Мама неуверенно предложила подарить игрушки моей подруге Люське. Я согласилась. Но когда мама с бабушкой отвернулись, потихоньку сунула коробки в сундук.
…Нам предстояло проститься со своими друзьями, соседями… Я еще была в том возрасте, когда не умеют сожалеть о прошлом, когда расстаются легко, когда устремленность в будущее совершенно заслоняет день вчерашний.
О, как потом, спустя годы, это откликнется во мне! Как зазвучат голоса тех, от которых я так безоглядно и весело уходила! Как запахнет тот клевер — оттуда, из детства! Я и теперь иногда вдруг наклонюсь над невзрачной травинкой, сорву, помну в пальцах, вдохну — и отброшу: нет, не то, не та, не так… Почему сейчас, спустя десятилетия, они проходят передо мной — эти старухи, которых давно уже нет на свете, эти девчонки, прыгающие через веревочку, которые тоже в свой черед стали старухами и тоже, скорее всего, уже переступили жизненную черту?
…Вот Наталья Ивановна, наша соседка, — сколько я себя помню, она всегда была рядом. Помню ее блузку в потрепанных кружевах с приколотой к ним огромной камеей.
Наталья Ивановна была дочерью генерала. Но не красного генерала, а белого, что существенно меняло дело.
Если бы она была дочерью красного генерала, к ней приходили бы пионеры и наперебой упрашивали выступить у них в школе на пионерском сборе или праздничном утреннике, и Наталья Ивановна, спрятав в ридикюль фотографии отца (ребенок, комсомолец, бравый офицер, генерал), торжественная и растроганная, выходила бы из калитки в окружении ребят, присмиревших от торжественности момента.

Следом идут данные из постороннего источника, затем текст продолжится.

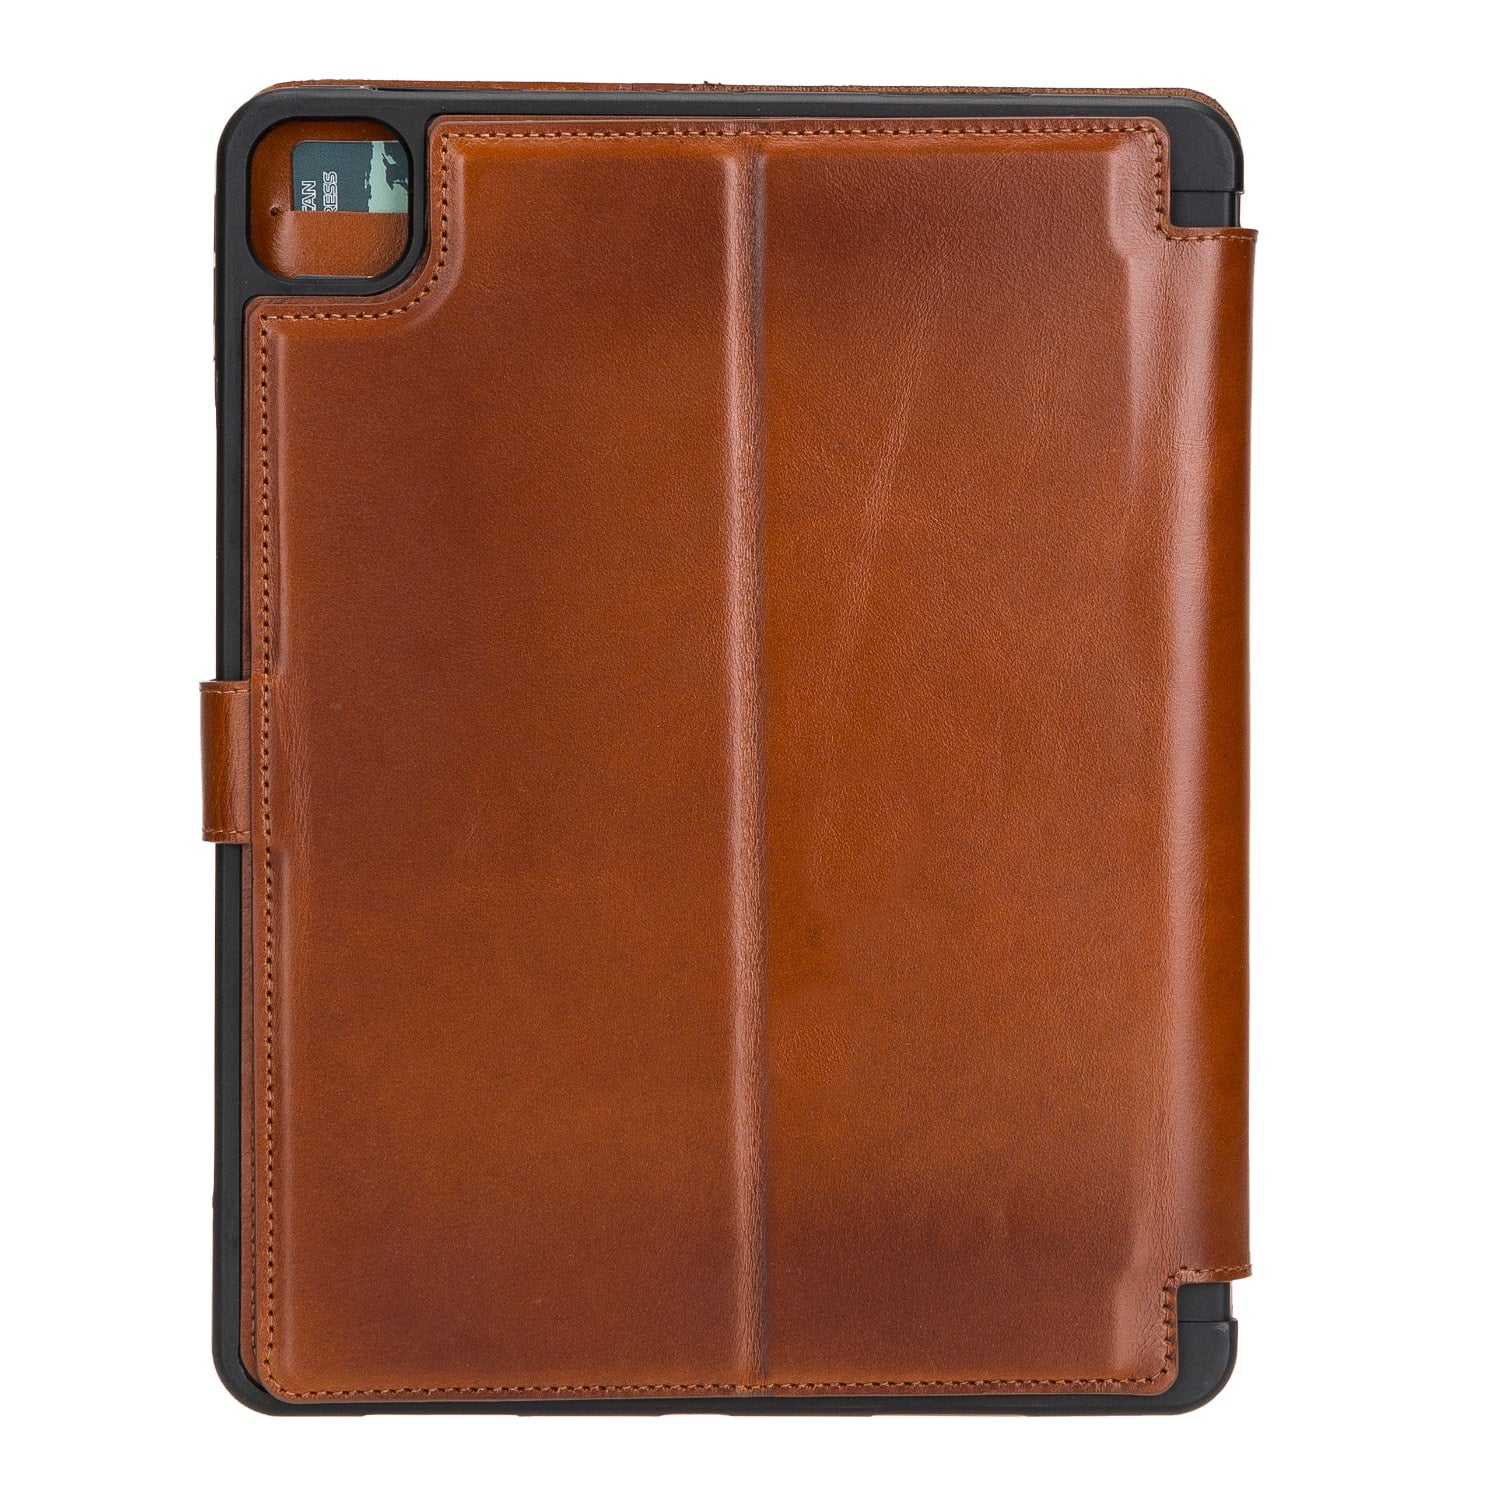 Brown Leather iPad Pro 11 Inc Smart Folio Case with Apple Pen Holder - Bomonti - 4

Если бы она была дочерью красного генерала, то даже в очереди за хлебом, когда какая-нибудь нахалка стала бы оттирать ее, визжа, что она здесь не стояла, а вся очередь поддержала бы эту нахалку, она, Наталья Ивановна, могла бы сказать со скрытой гордостью, что она вам не какая-нибудь спекулянтка, наживающаяся на бедствиях народных, а самая настоящая дочь красного генерала, пролившего кровь за этот самый народ. И тогда вся очередь смолкла бы, пристыженная. А продавщица выкрикнула бы со своего прилавка: «Что же вы молчали, гражданка?! Товарищи, пропустите дочь красного генерала!»
Да что там говорить! Разве она жила бы в такой халупе? Она наверняка жила бы в центре города, в одном из серых каменных зданий, где даже печку топить не надо, так как в подвале сидит истопник и обогревает весь дом сразу; и окно ее комнаты выходило бы прямо в сквер, где стоит памятник Ленину, возле которого всегда играют дети.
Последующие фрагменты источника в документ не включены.